High-Risk Atherosclerotic Plaque: Defining Features and Assessment on Imaging

Atherosclerotic cardiovascular disease is responsible for approximately 17.9 million deaths annually, making it the most common cause of mortality and morbidity worldwide.¹ The progression of stable plaque to acute coronary syndrome (ACS) depends on plaque vulnerability (high-risk) rather than stenosis severity alone. Contemporary risk stratification and assessment of atherosclerotic plaque and luminal narrowing do not identify patients at risk for acute events, as most myocardial infarctions (MIs) occur in areas with < 50% stenosis.^2,3 High-risk plaque (vulnerable plaque) exhibits certain morphologic and pathophysiologic features, including a lipid-rich necrotic core, a thin fibrous cap, intraplaque hemorrhage, positive arterial remodeling, and angiogenesis.^2,4 Advanced imaging modalities can now help identify these high-risk plaque features, which has fundamentally revolutionized risk stratification and management in individuals with atherosclerotic disease who develop ACS (Figure 1).^5,6

Figure 1. High-risk plaque features. Cross-sectional comparison of vessel structure and OCT imaging: the middle panels illustrate the three-layer organization (intima, media, adventitia) and their associated pathology, while the bottom panels show corresponding OCT images highlighting their relative thickness and echogenic characteristics.

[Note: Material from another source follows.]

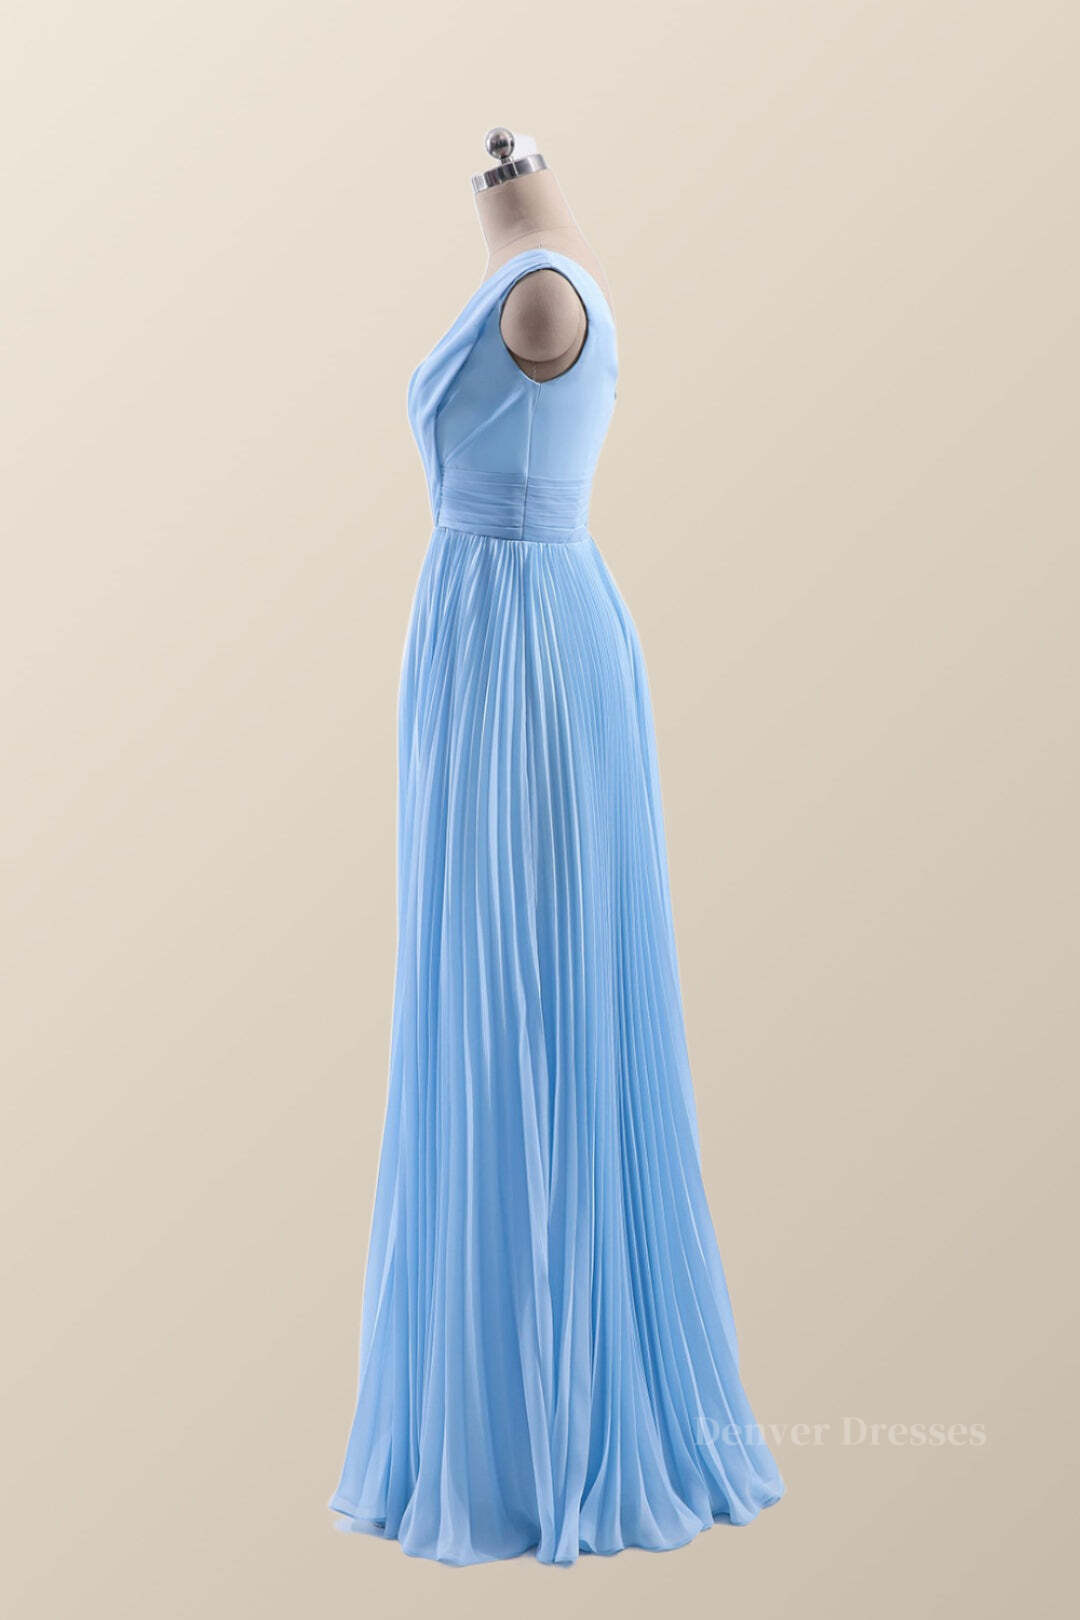 Homecoming Dress Short, V Neck Blue Chiffon A-line Long Bridesmaid Dress

This article focuses on various high-risk coronary plaque features, their identification, and contemporary management in such.

EPIDEMIOLOGY

The PROSPECT trial was a prospective study published in 2011 that enrolled 697 patients presenting with ACS who underwent three-vessel coronary angiography, grayscale, and intravascular ultrasound (IVUS) imaging after percutaneous coronary intervention (PCI).³ The trial identified three independent predictors of nonculprit lesion-related major adverse cardiac events (MACE): a minimal luminal area ≤ 4.0 mm², a plaque burden ≥ 70%, and the presence of thin-cap fibroatheroma on IVUS. During a median follow-up of 3.4 years, nonculprit lesion MACE occurred in approximately 4.9% of patients, with an increasing event rate when all three high-risk characteristics were present (18.2%).³ Despite this, the positive predictive values and 3-year cumulative risk remained low even for the highest-risk lesions. This underscores the importance of ongoing trials evaluating whether preemptive treatment of high-risk nonculprit lesions reduces MACE compared with medical therapy. We describe these associated high-risk plaque features in further detail in the following section.

HIGH-RISK PLAQUE FEATURES

Thin-Cap Fibroatheroma and Necrotic Core

Thin-cap fibroatheroma is defined by a fibrous cap < 65 µm that overlies a large necrotic core or lipid-rich content. This is the most common high-risk plaque feature prone to rupture.^2,4 The necrotic core includes oxidized low-density lipoprotein (LDL), macrophages, and cellular debris from apoptotic cells. This comprises a thrombogenic substrate that can trigger thrombus formation when exposed to circulating blood.^1,4 Plaques in which the necrotic core exceeds 10% of total plaque volume have an increased risk of rupture. Thin-cap fibroatheroma consists of collagen, proteoglycans, and smooth muscle cells, and its structural integrity is compromised by metalloproteinases released by inflammatory cells, which degrade the collagen-rich cap while simultaneously decreasing collagen synthesis, thereby weakening the protective barrier.² Thin-cap rupture usually occurs at the shoulder regions where mechanical and shear stress concentrate and the inflammatory cell density is highest.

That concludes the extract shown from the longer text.